As a child, I did not dream of becoming a physician, rather my dream was to become a teacher, following in the educator footsteps of my parents. By high school the goal had been refined—to become an English teacher, following in the footsteps of several influential teachers. However, after I became an Emergency Medicine Technician my senior year of high school the dream changed. I discovered the intriguing, usually rewarding and ever-challenging field of medicine, turned 180,° and headed down a very different road.
My early 20’s in the 1980’s were spent pursuing medical education goals, first an undergraduate degree at California State University, Sacramento and when the first medical school application attempt failed in 1983, a graduate degree from the University of California, Davis. With the master’s degree, I had the credentials I needed to be accepted in medical school. With a career in medicine ahead of me, I looked at the map for my life and decided I would have to choose a career in medicine or having a family. I didn’t believe that I could do both. There were few female physician role models in my circle of acquaintances, let alone ones raising families. The road to parenthood was one that I thought I could not take.
My late 20’s and early 30’s were spent in day-to-day survival during medical school and a residency training in internal medicine. I discovered that the medical education process was not what I had dreamed it would be. I entered medicine to connect with people, figure out what is ailing them, understand how the physical and mental impact of the disease, develop coping strategies and help them to heal. My goal during residency was to emerge with my heart intact, which for me has been having a compassionate ear and touch. Unfortunately, having the time to really listen to patients and determine what ails them is becoming scarcer in medicine of the new millennium. Today physicians are time-pressured to see more patients in fewer minutes, not miss any of the major medical problems and treat major depression in 10 minutes or less. Furthermore, I was dismayed by how little emphasis was placed on the health and well-being of those entrusted with the health of others and how the normal personal and professional stresses faced when practicing medicine were all but ignored. These experiences have lead me to focus on my own well-being, simplify my life, minimize material desires, adopt healthier life-style practices and to decrease my own profession-induced stress.

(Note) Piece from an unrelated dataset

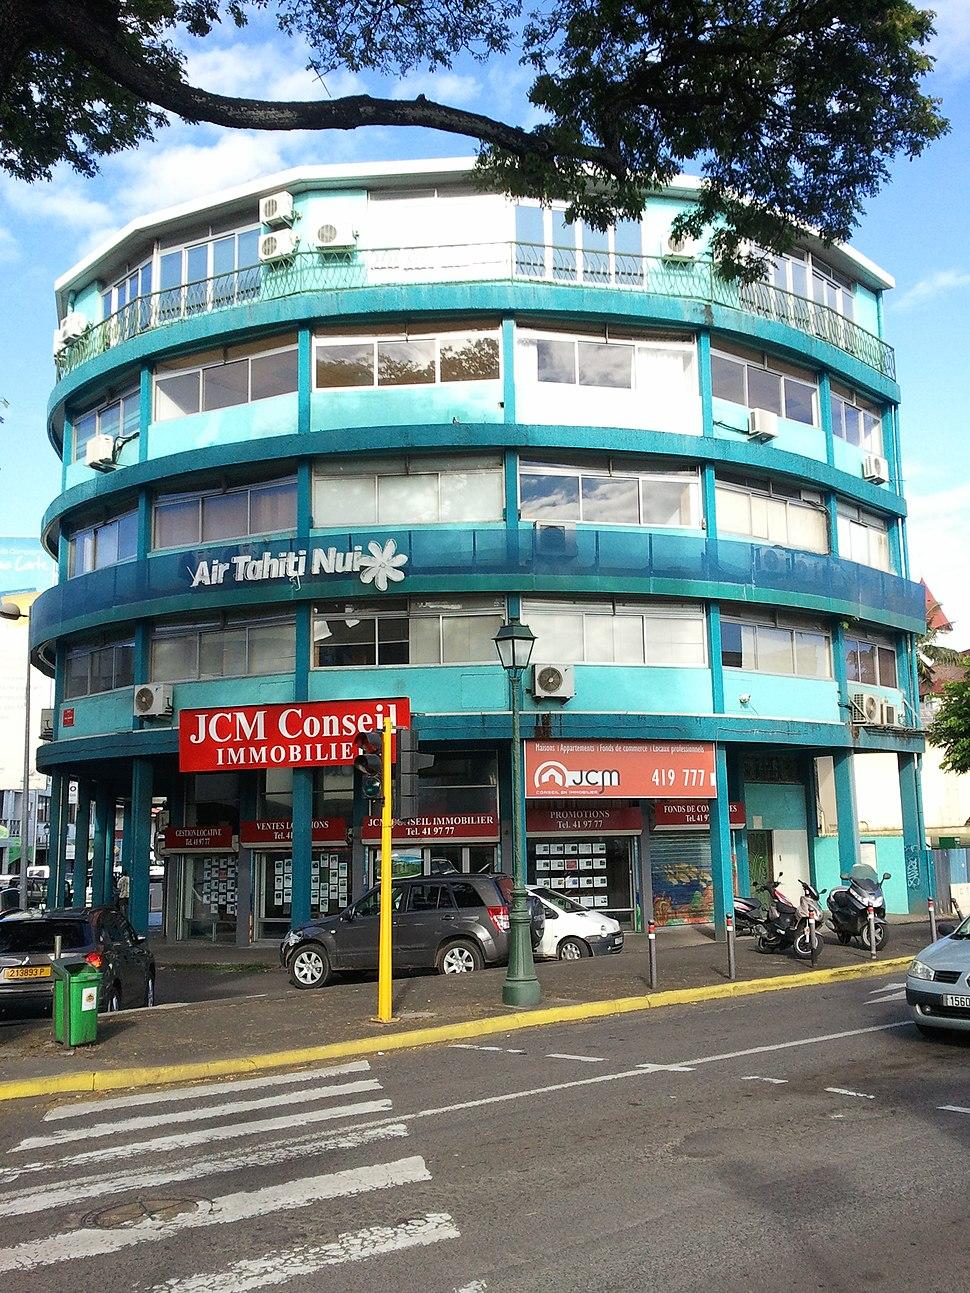 Immeuble Dexter - Pont de L%E2%80%99Est - Papeete - Tahiti - Polyn%C3%A9sie fran%C3%A7aise

My strong English background and an interest in writing gave me a practical means of coping with many of the pressures of medical school and residency training. Over the years I published articles on a wide range of topics often not considered traditional medical areas, including: death education, hospice, sexual harassment, ‘toxic interns,’ residency abuse, work hour reform, burnout, and grief, loss and bereavement. (Some of these articles are available on the Internet, linked on our website, http://www.kirstimd.com/CV.htm) Writing allowed me to combine my medical training with the early goals of becoming an English teacher and turn intense experiences, or difficult topics into educational articles.
One of these articles, “The Road Not Taken,”  was written during my final year of residency training, reflecting upon where I had arrived in medicine, as I rationalized my career choice and what I had given up to reach that point in my training. I wrote “I am grateful for the road I chose. I do believe, for the sake of my patients—those whom I have kept alive and those whose lives I have touched—that I made the right decision at the time to pursue a career in medicine and not to have a family. Parenthood was the road I could not take.”
By my mid 30’s, during a time I should have been setting up a practice, I was questioning the road I had taken. The practice of medicine was very different than what I had dreamed it would be. I naively didn’t realize that so many of the decisions that I would be making about patients and their treatment would be overshadowed by an office manager, corporate office, or insurance company dictating how much time can be spent, what tests can be ordered and what medications can be prescribed. I discovered the actual “caring” about the patient must be done in a limited, expedient fashion; medicine left little time for connecting with patients, or really getting to the bottom of their health problems. I still believe the practice of medicine isn’t about numbers, codes, papers and diagnoses; the practice of medicine is about people, individuals impacted by an illness. I have been accused at different times in my career of “caring too much” about the patient. I didn’t realize this was possible. “Caring” takes time to do it well; for me the practice of medicine became a demanding, life-consuming profession that when practiced full-time, left little time for anything or anyone else. For my own well-being and my way of dealing with the current uncertainty in the medical field, I chose not to follow the road to a traditional clinical practice. Instead I elected to practice part-time or locum tenens work.